Stephanie Joffroy

Personal information
- Born: 12 September 1991 (age 34) Santiago, Chile

Sport
- Sport: Skiing

= Stephanie Joffroy =

Chilean freestyle skier (born 1991)

Stephanie Joffroy (born 12 September 1991 in Santiago, Chile) is a competitor in Women's ski cross at the 2014 Winter Olympics, 2018 Winter Olympics, and 2026 Winter Olympics. Her highest qualification was in 20th and has so far proceeded to the quarter finals in 2014.

== Biography and career ==
Joffroy was born and raised in Chile until she was 14, when she moved with her family to France. She has continued to split her time between France and Chile where she worked as a ski instructor and competed in the first ski cross races held in Chile.

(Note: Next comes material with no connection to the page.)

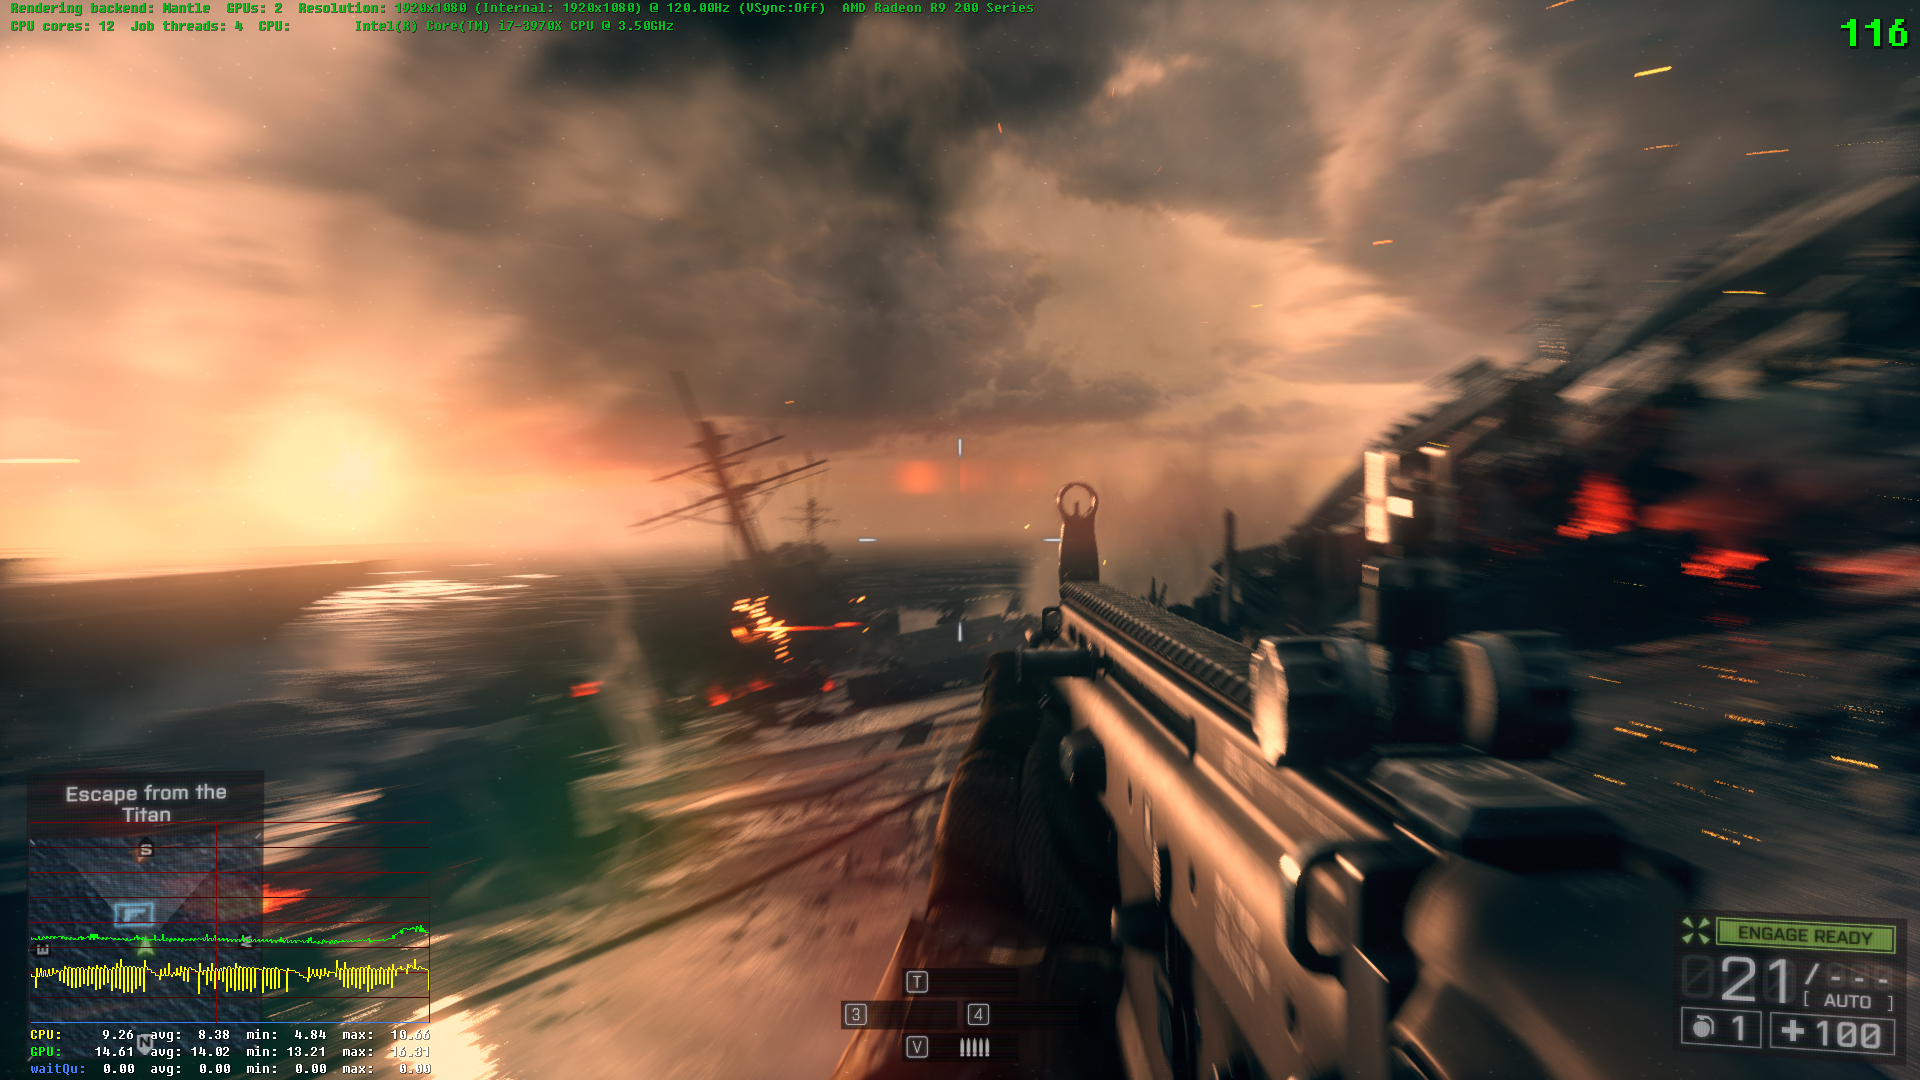 Battlefield 4 Next Gen Battlelog 2.0 Detailed - DirectX 11.1

After qualifying for the 2014 Olympics, Joffroy was injured in the midst of the competition. Injuries plagued her for the next three years and although she returned to the World Cup circuit and the Olympics in 2018, further injuries prevented success.

Joffroy was on-track to qualify leading up to 2022 Olympics in Beijing, but injury at the World Cup six weeks prior to the Games prevented a return. Joffroy qualified again for 2026 and skied through the 1/8 rounds. She was chosen as closing flag-bearer for 2026.